Choiji was eating snacks: *Mums, mums, mums*
"Hello, everybody else!"


----------



## Ryuk (Jul 19, 2008)

Naruto calls Chouji a Fatty...


----------



## anabone (Aug 7, 2008)

Chouji gets upset.
"I was gonna offer you some, Naruto-kun, but now you will be without!" Chouji turns his back to Naruto.


----------



## DarkKyuubi (Aug 7, 2008)

HMMM Lee or Suigetsu.....NUUU MOST DIFFICULT CHOICE IN MY LIFE NUUUUUUU

ILL go with Lee no Suigetsu no lee no suigetsu ARGH ummm ill decide hold on, ill go with LEE yes Rock LEE WOO


----------



## anabone (Aug 13, 2008)

"Hey, Lee-kun, you want some?" Chouji offers some cheese snacks to Lee.


----------



## DarkKyuubi (Aug 13, 2008)

"No thanks Chouji-kun, I need to do some training, one thousand push ups," Lee shouts with his fist up and his eyes on fire. Lee immediately gets on the ground and starts doing push ups.


----------



## NinjaM (Aug 13, 2008)

Shikamaru:


----------



## anabone (Aug 16, 2008)

Chouji gets sleepy by watching Lee do all those pushups. He need to escape it. He turns around and watches the sun.
"For me, only one thing can get me in form." Chouji continues eating his snacks.


----------



## Ryuk (Aug 18, 2008)

Updated member list, currently we need more team Sasuke.
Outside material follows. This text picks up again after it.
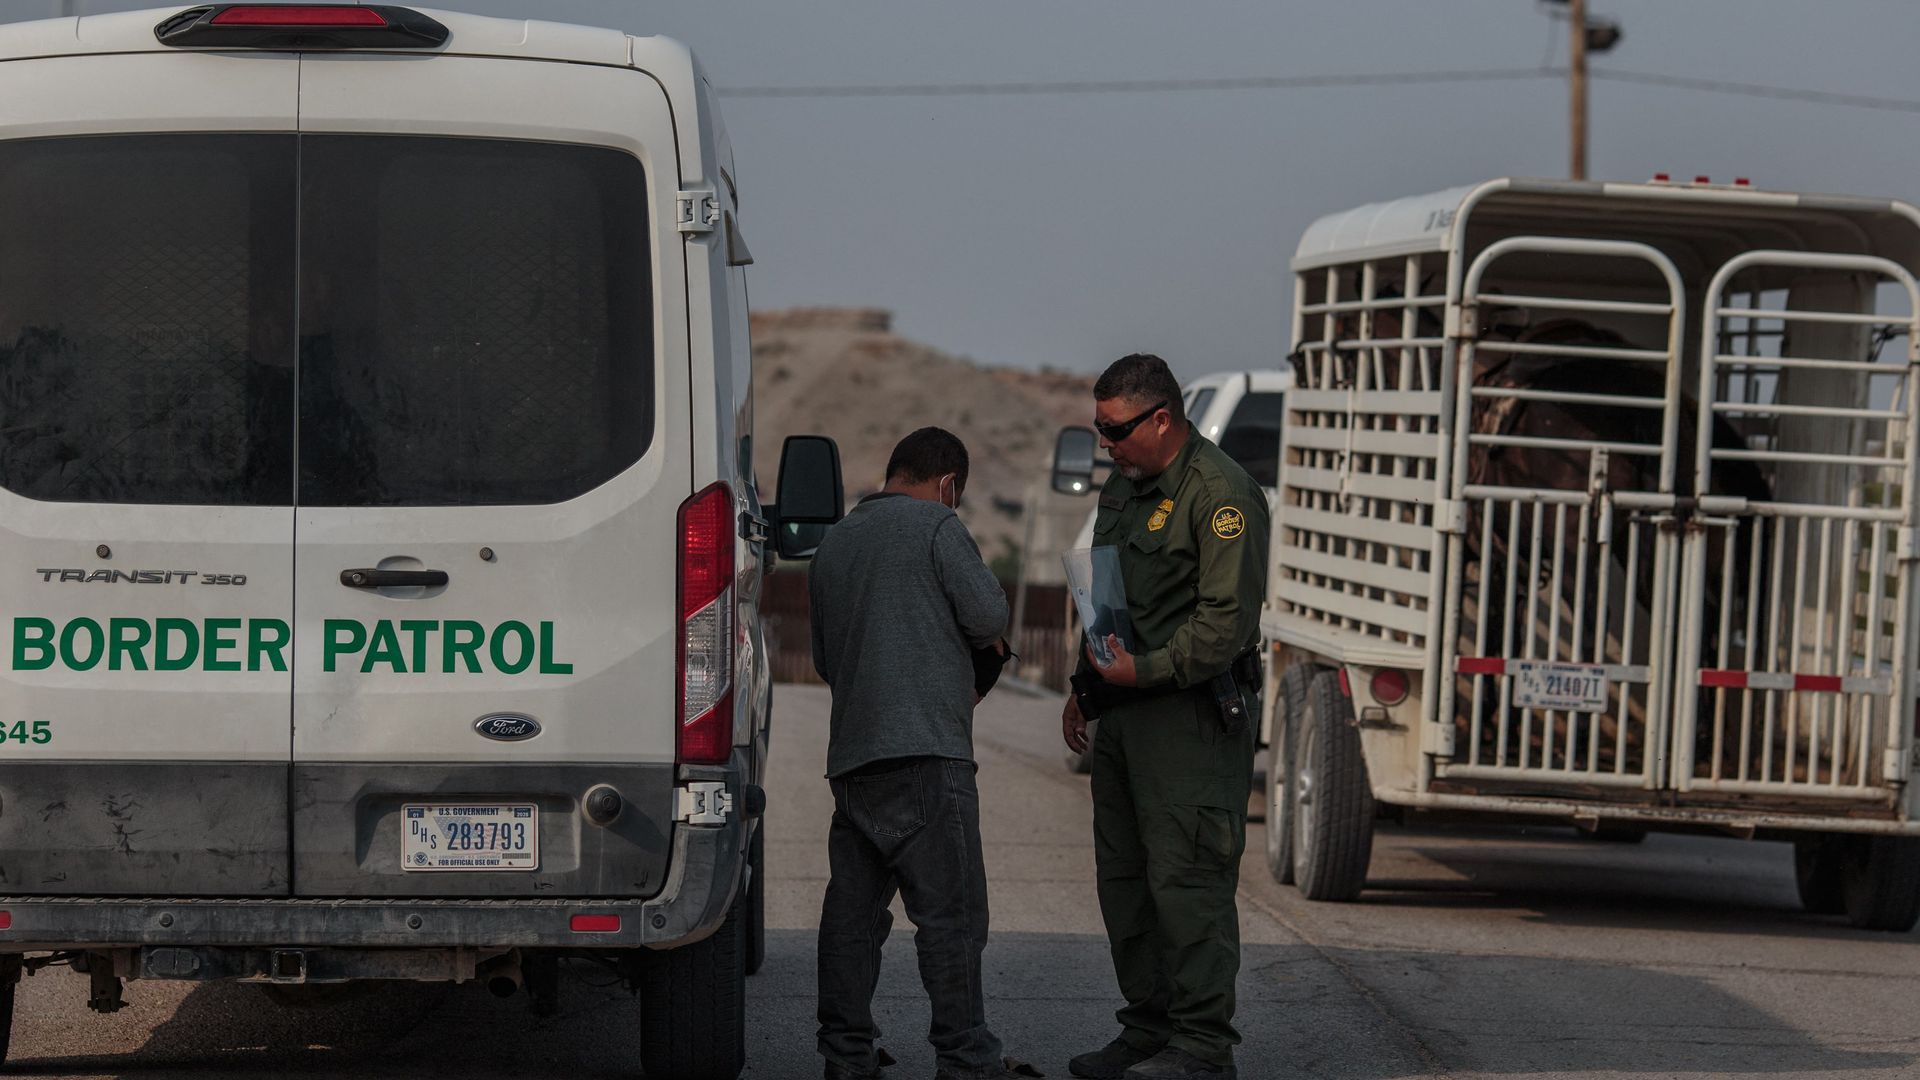 Photo of a Border Patrol officer with a migrant next to a parked van that says "Border Patrol"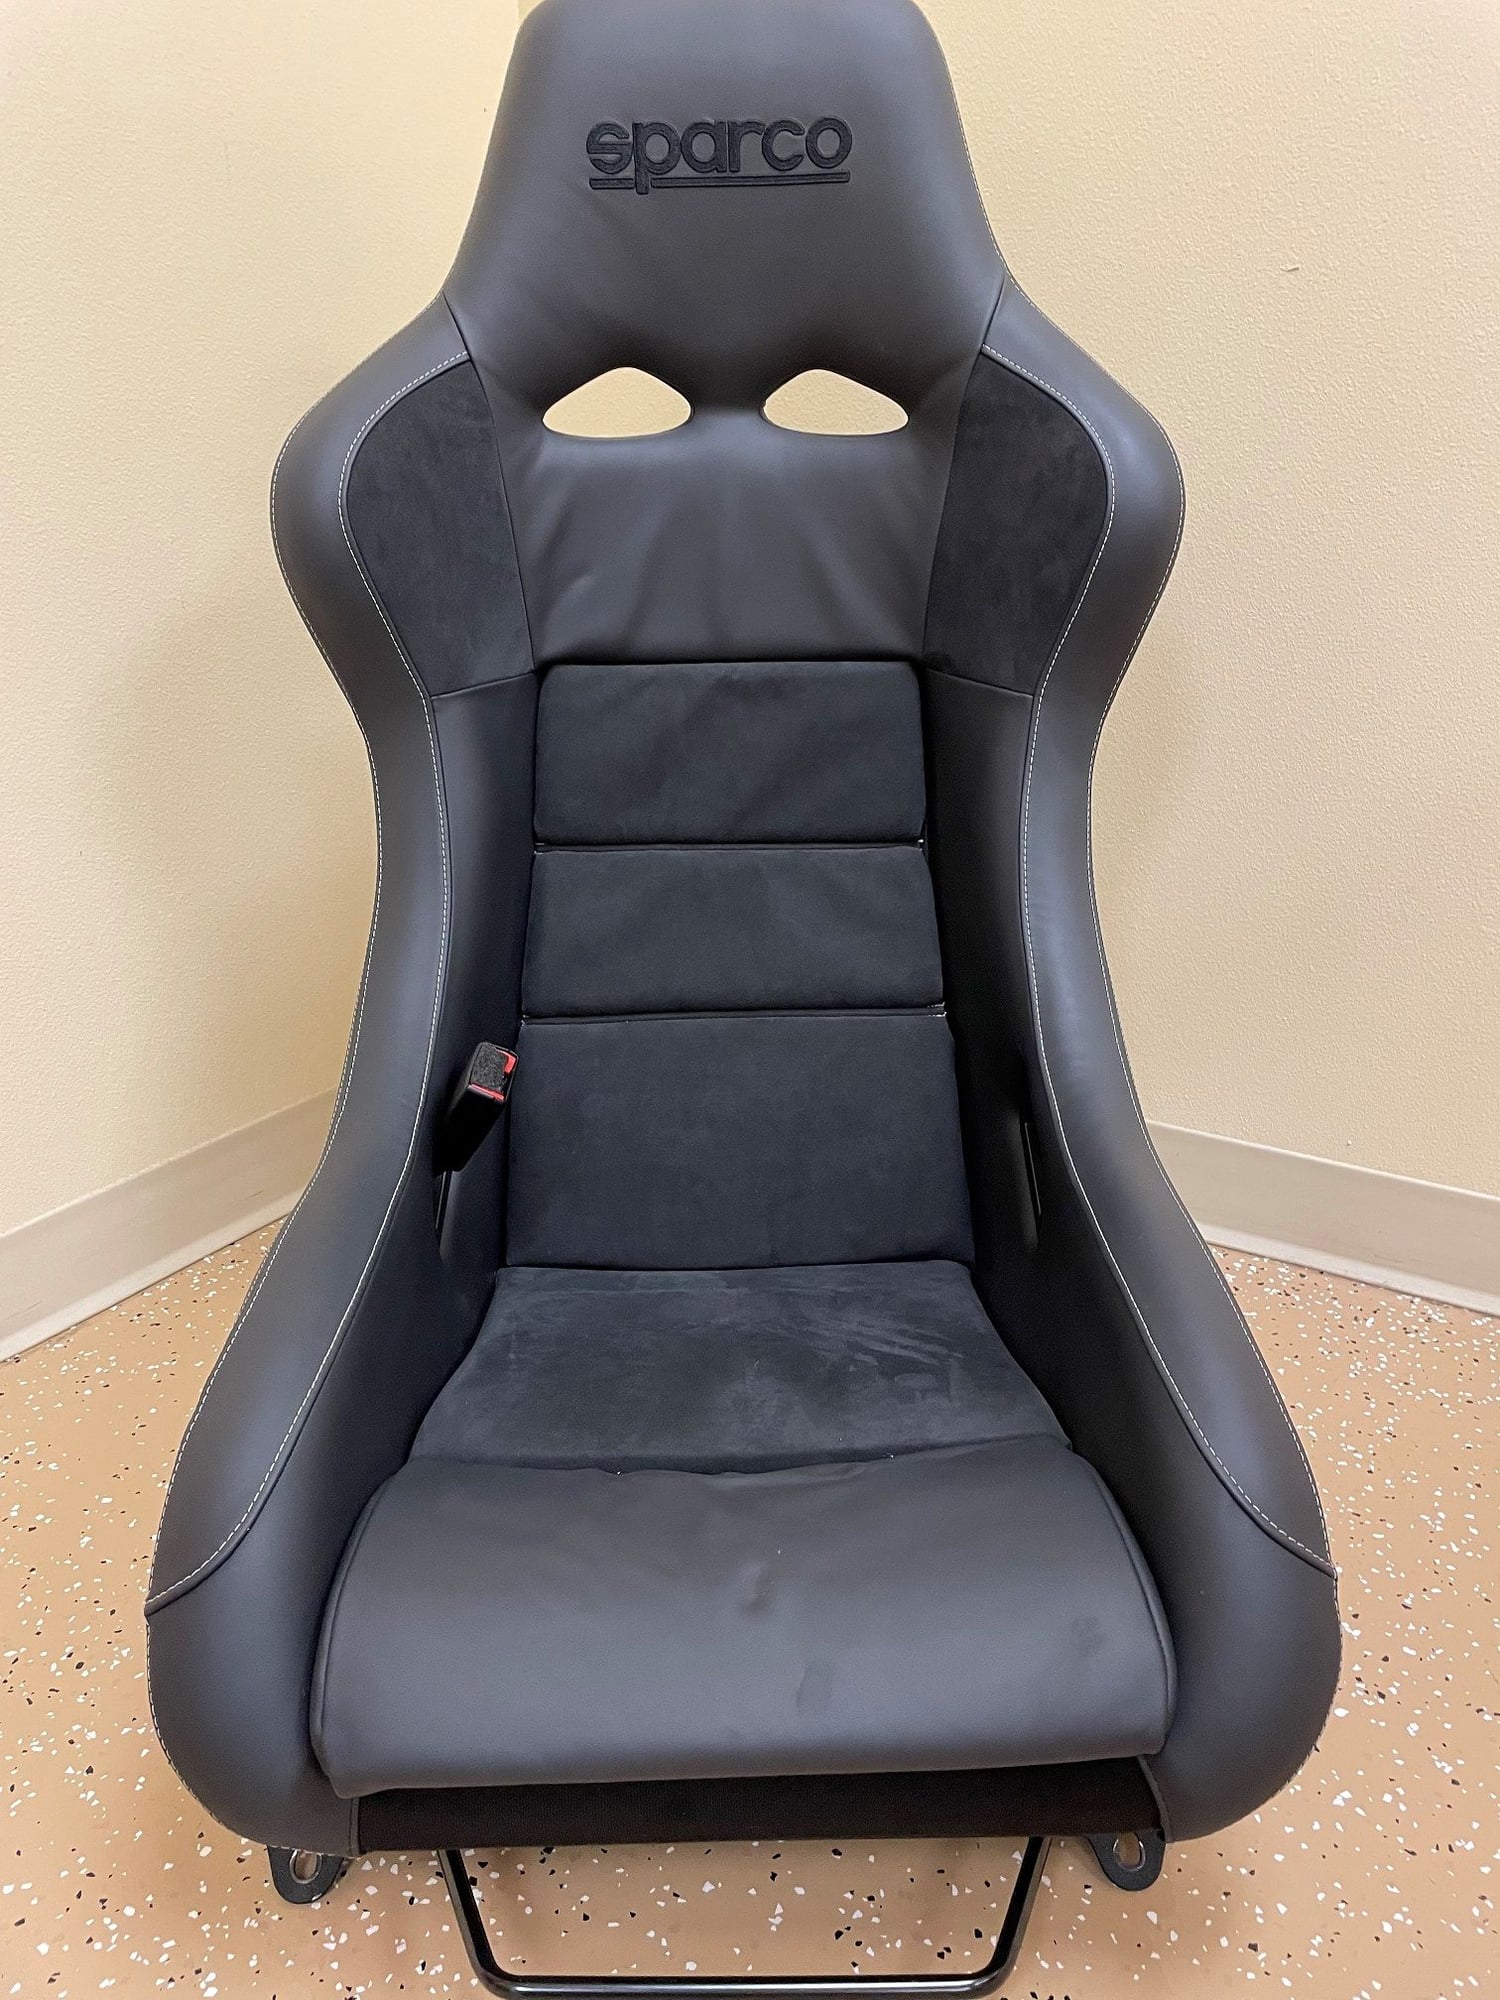 Interior/Upholstery - Sparco QRT Race Seat - Used - 2020 to 2021 Porsche Cayman GT4 - 2015 to 2020 Porsche 911 - Melbourne, FL 32901, United States

Naruto: *Takes Chouji's snacks*


----------



## anabone (Aug 18, 2008)

Chouji:
"Hey, Naruto-kun! I was eating those...." Chouji becomes sad.


----------



## NinjaM (Aug 18, 2008)

*Kagemane no Jutsu's Naruto and forces him to give Chouji's snacks back.*


----------



## anabone (Aug 23, 2008)

Chouji:
"Thanks! Shikamaru. So, whats your plan?" Chouji continues eating.


----------



## Ryuk (Aug 23, 2008)

Naruto: *runs away*


----------



## NinjaM (Aug 23, 2008)

My plan is to watch the clouds until more people arrive.


----------



## anabone (Oct 5, 2008)

Chouji:
"Haha, thats great Shikamaru! I'll join too!" Chouji gets beside Shikamaru and accompanies the cloud staring.


----------



## NeoQueenSakura (Oct 9, 2008)

Can I join ? I want to  be Sakura or Tsunade or is it to late?


----------



## anabone (Oct 14, 2008)

list said:
			
		

> Member List:
> Team Naruto:
> Ryuk - Naruto
> Nmaster64 - Shikamaru
> ...


obviously, you can.

Chouji:
"I wonder how long we will be gone? Just to know how many bags of snacks to take along. Hm!"


----------